Instead of depending on "large proprietary vendors" or building your own, "Open protocols offer a third path. Infrastructure that no single actor owns, that evolves through distributed processes... can be implemented by anyone with the technical capacity... allow governments to reduce dependency on individual vendors without cutting themselves off from global technology ecosystems". Early examples include "Tchap – a secure messaging platform for the French public administration – on Matrix".
There's also "legally mandated interoperability ... Public administrations are expected to build digital services that can function across Member States and integrate into shared European infrastructures."
This means "public institutions [must] treat protocol engagement as a first-class infrastructure responsibility rather than a background technical detail."
But they're not set up for this because of the way they procure technology and services. With IT procurement, "When something breaks, there is someone to call... When an institution procures a system built on an open protocol, it is ... entering a coordination ecosystem governed by rules that will continue to evolve ... through processes that the procurement office did not assess and toward outcomes that no single party controls."

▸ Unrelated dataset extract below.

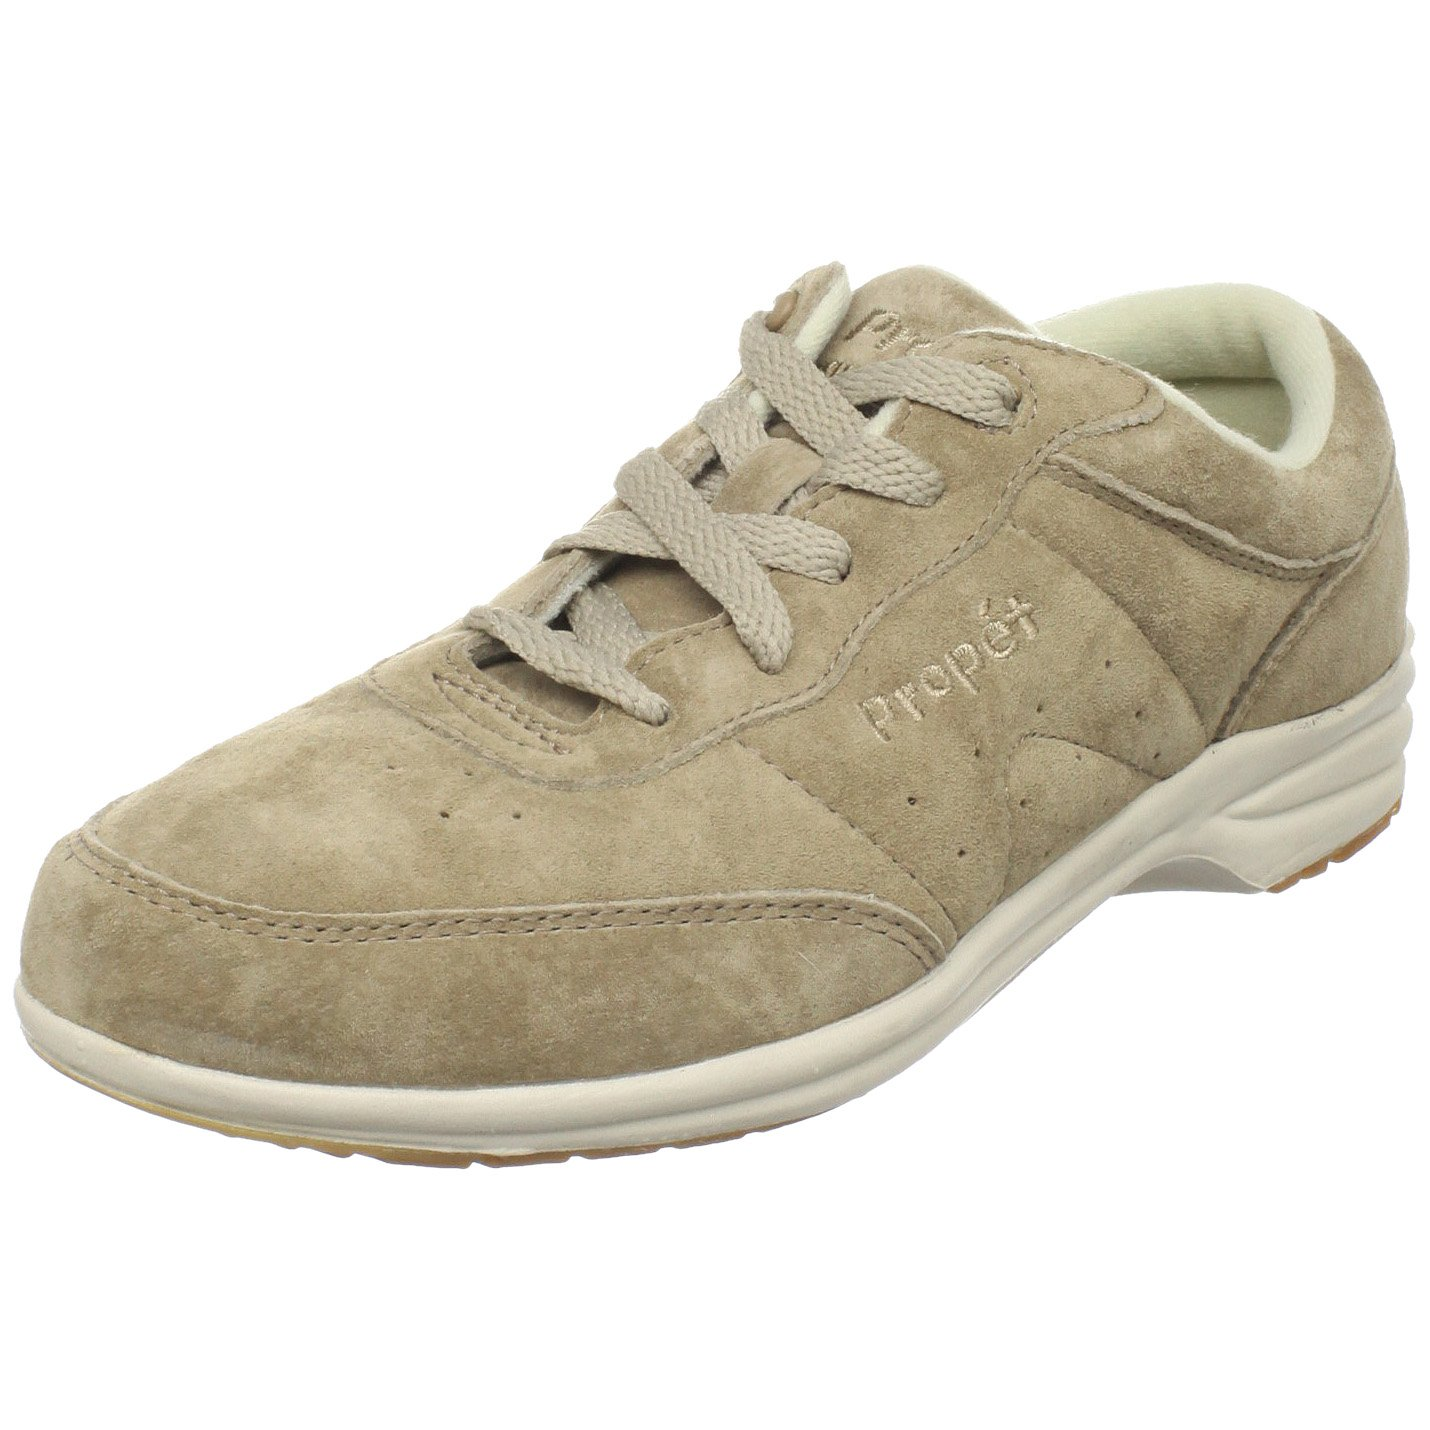 Propet Women's W3841 Sneaker B003C1PPCM 11 2E US|Classic Taupe

"If the protocol evolves ... practical alternatives are limited", while "Protocol governance is continuous... if institutions are not following those processes, they might only notice the consequence of a particular direction when it urgently impacts them".
The solution is to "develop genuine institutional capacity to understand and track how protocol governance works, and to participate", while understanding they cannot control anything, only influence it.

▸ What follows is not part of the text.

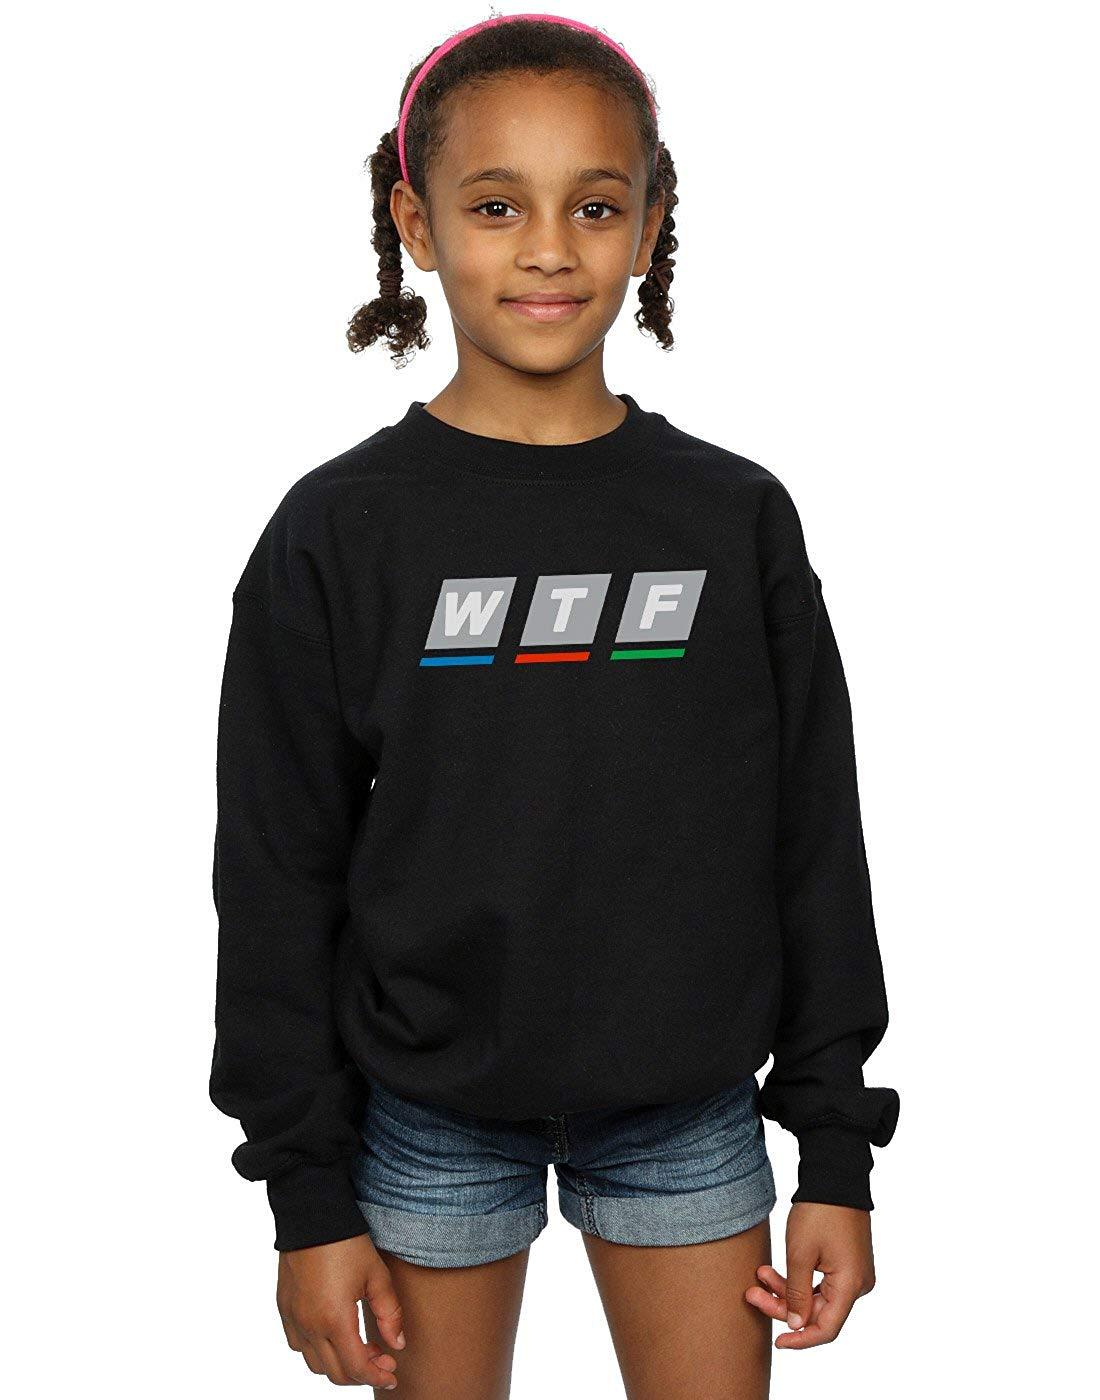 ABSOLUTECULT Drewbacca Girls WTF Broadcasting Sweatshirt

This knowledge does need to be in-house so that "Procurement criteria can then reflect that understanding. Vendors who actively contribute to protocol specifications, participate in security coordination and maintain implementations are better positioned to keep deployments aligned with protocol evolution over time. Procurement frameworks that treat upstream contribution as a resilience signal do not just favour better suppliers. They shift incentives across the whole ecosystem, rewarding vendors embedded in the health of the protocol rather than those treating it as a static dependency."
The author then explores the French adoption of Matrix as an example.